Simply doing her job, and excelling at it in a way few other artists in history have, though, is apparently enough to warrant a backlash. The attitude among many seems to be that the obsessive media coverage of her career or relationship with Kelce is her responsibility, despite the fact that she has only given one sit-down interview in four years.
There have been plenty of warnings about the dangers posed by deepfake images – Swift is the latest victim but she won’t be the last. Other targets have included fellow pop singers, journalists, TikTok creators, influencers, and young women and girls. Right now, an inquest is taking place into the apparent suicide of British schoolgirl Mia Janin, 14, whose male classmates allegedly shared fake nudes of female pupils on Snapchat. Similar behaviour was exposed at a school in New Jersey last November.

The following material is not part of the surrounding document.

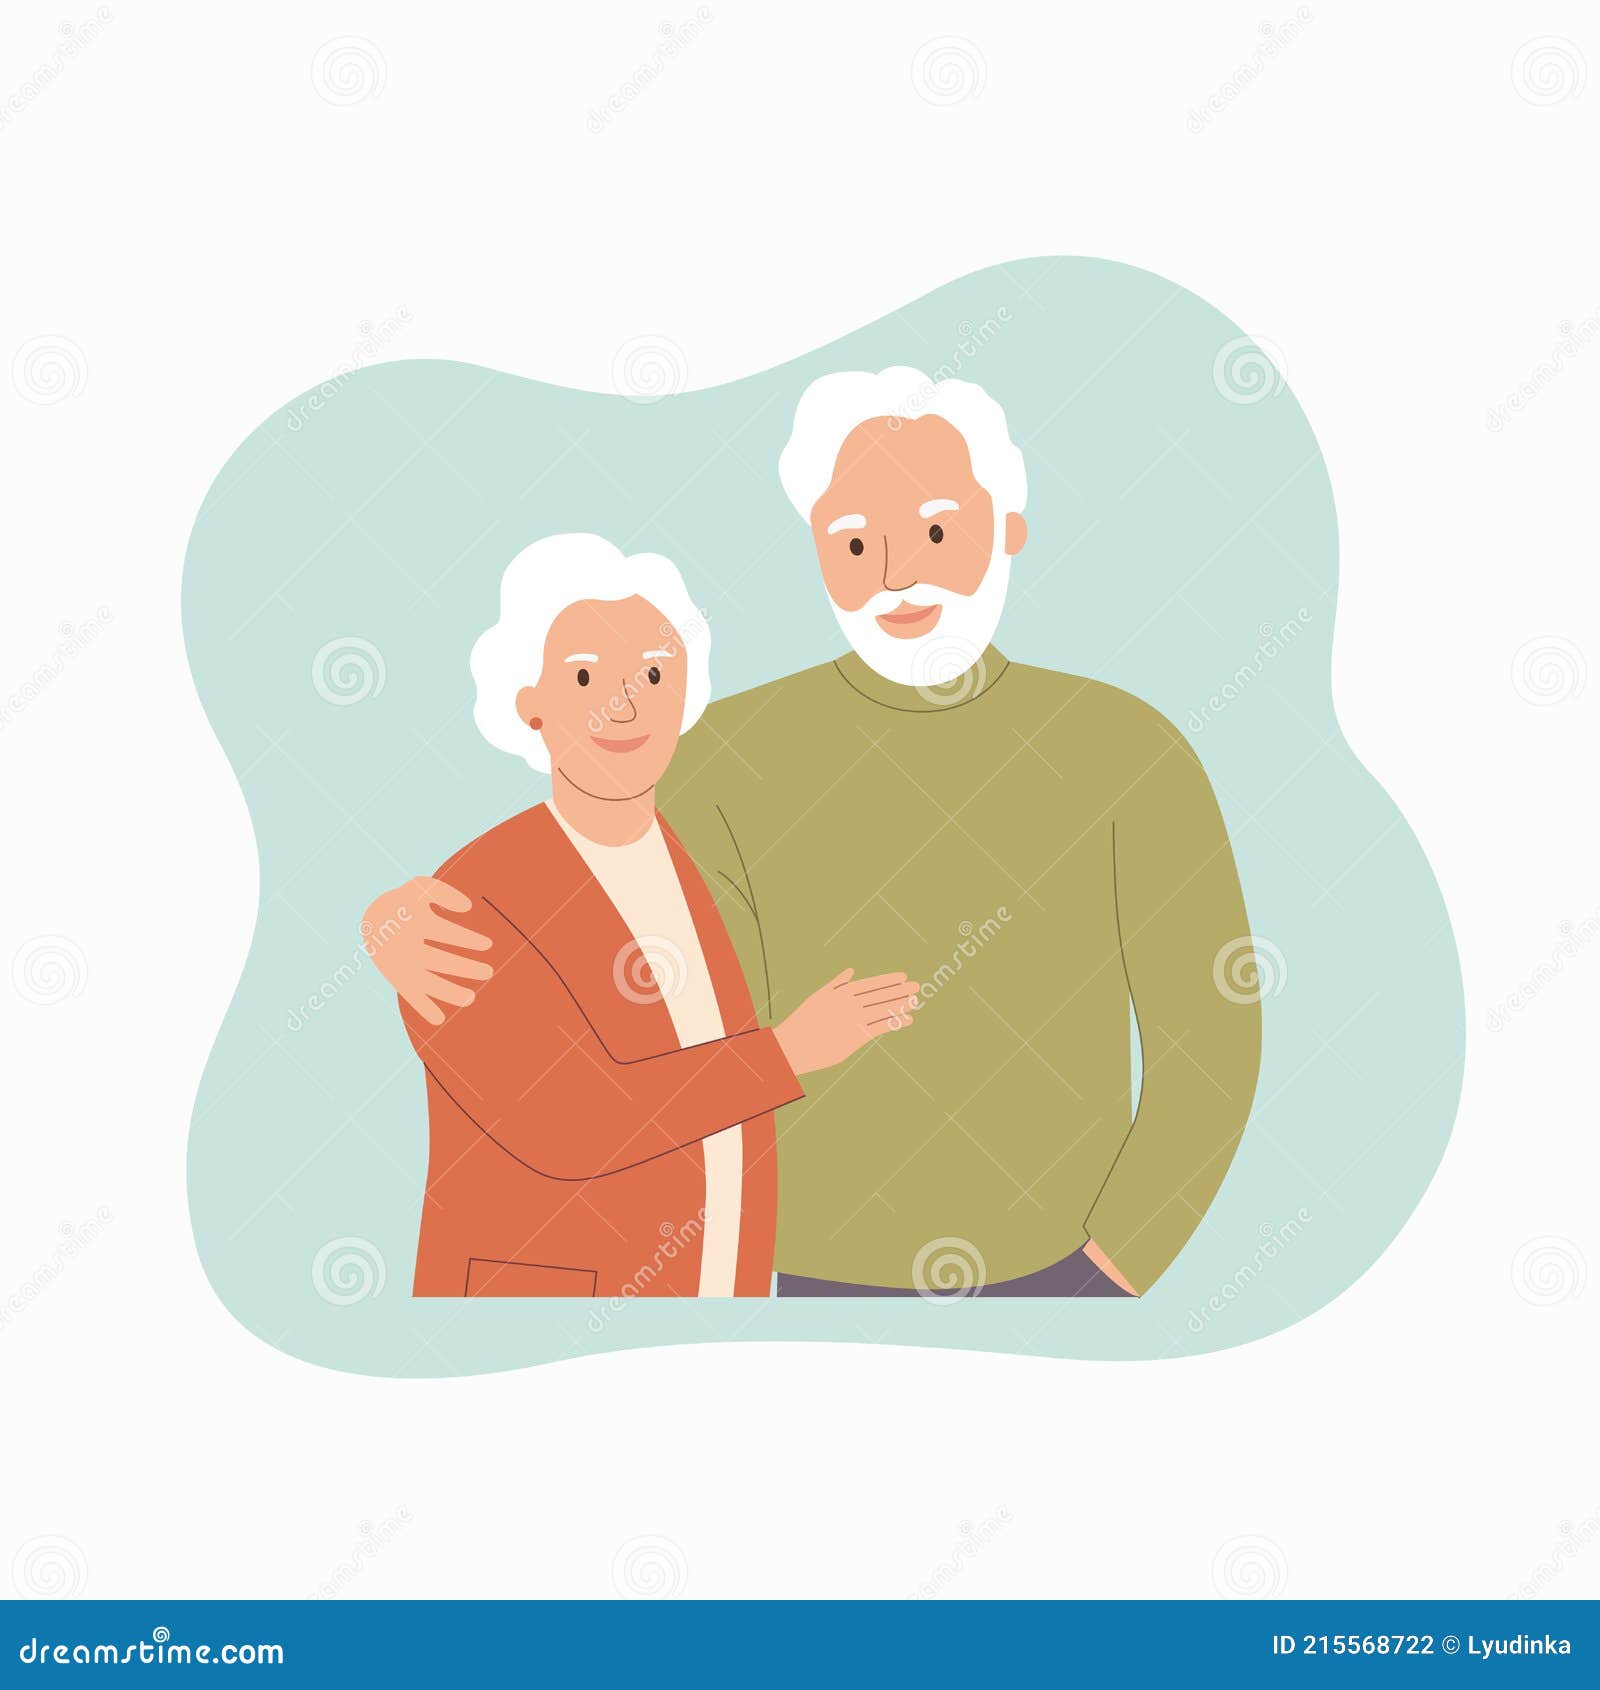 Elderly Woman and Man Isolated. Stock Vector - Illustration of love ...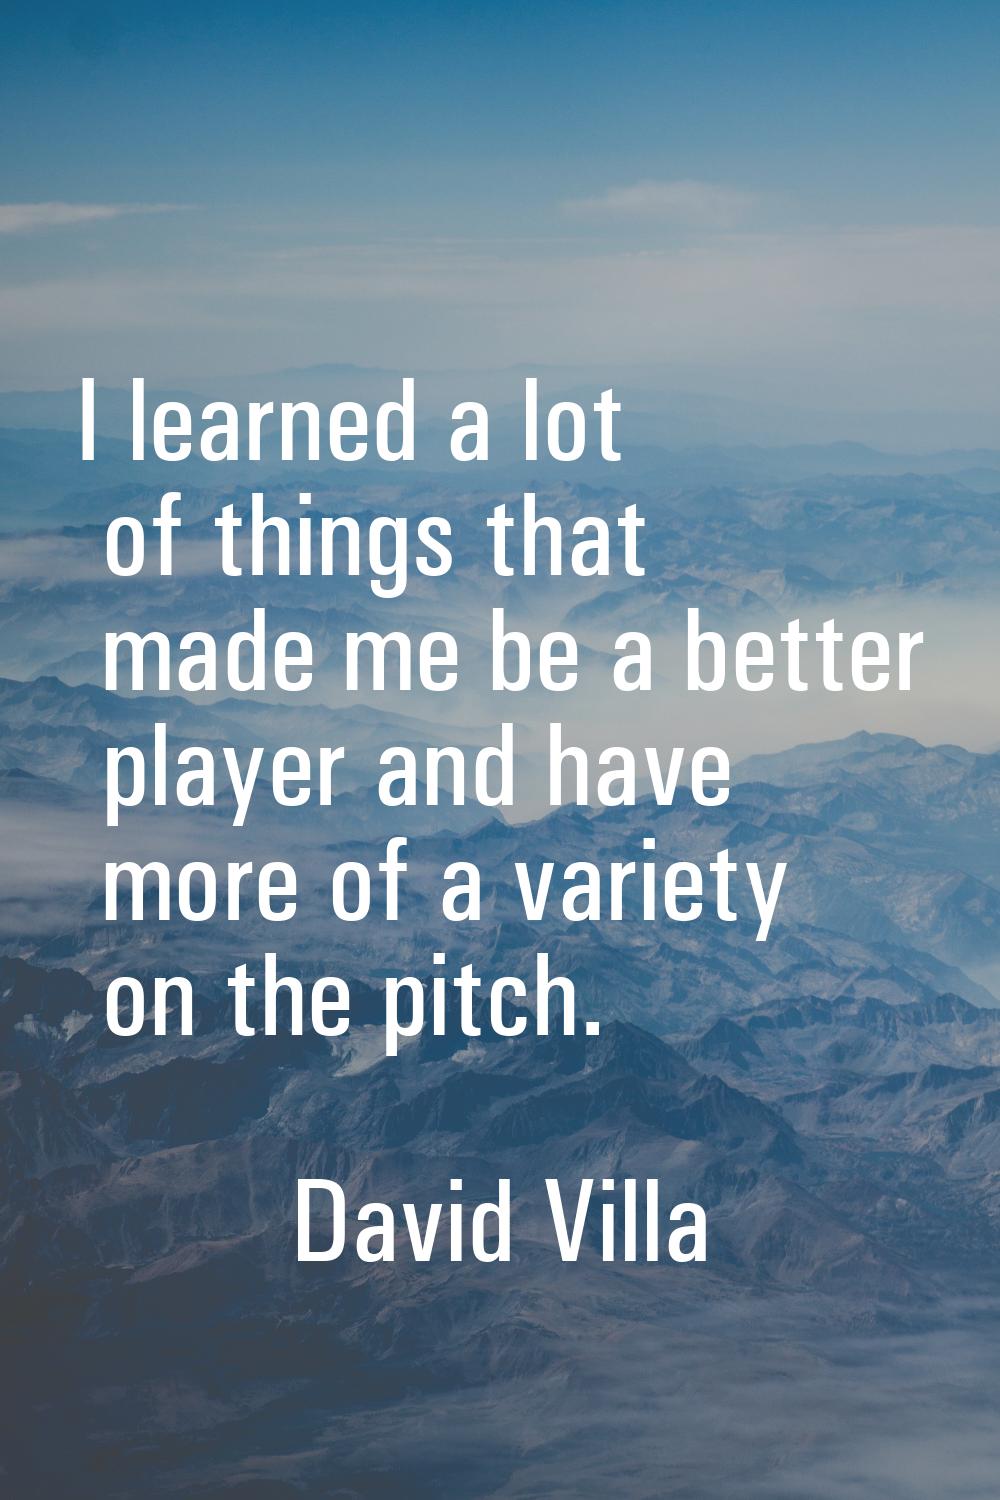 I learned a lot of things that made me be a better player and have more of a variety on the pitch.

Sharing deepfake porn has been illegal in England and Wales since June 2023, in a government bid to crackdown on “abusers, predators and bitter ex-partners who share intimate images online without consent of those depicted”. In the US, many states have still not updated their anti-revenge porn laws to include the use of technology in creating and sharing fake images. Clearly, companies such as X are not yet equipped to act with enough speed or efficiency when something like this occurs.
However protected Swift might seem, however luxurious or privileged her life appears, should have absolutely nothing to do with how we react to those pictures. They violate her most basic rights to privacy, respect, and autonomy over her own image – and no amount of privilege will ever justify that.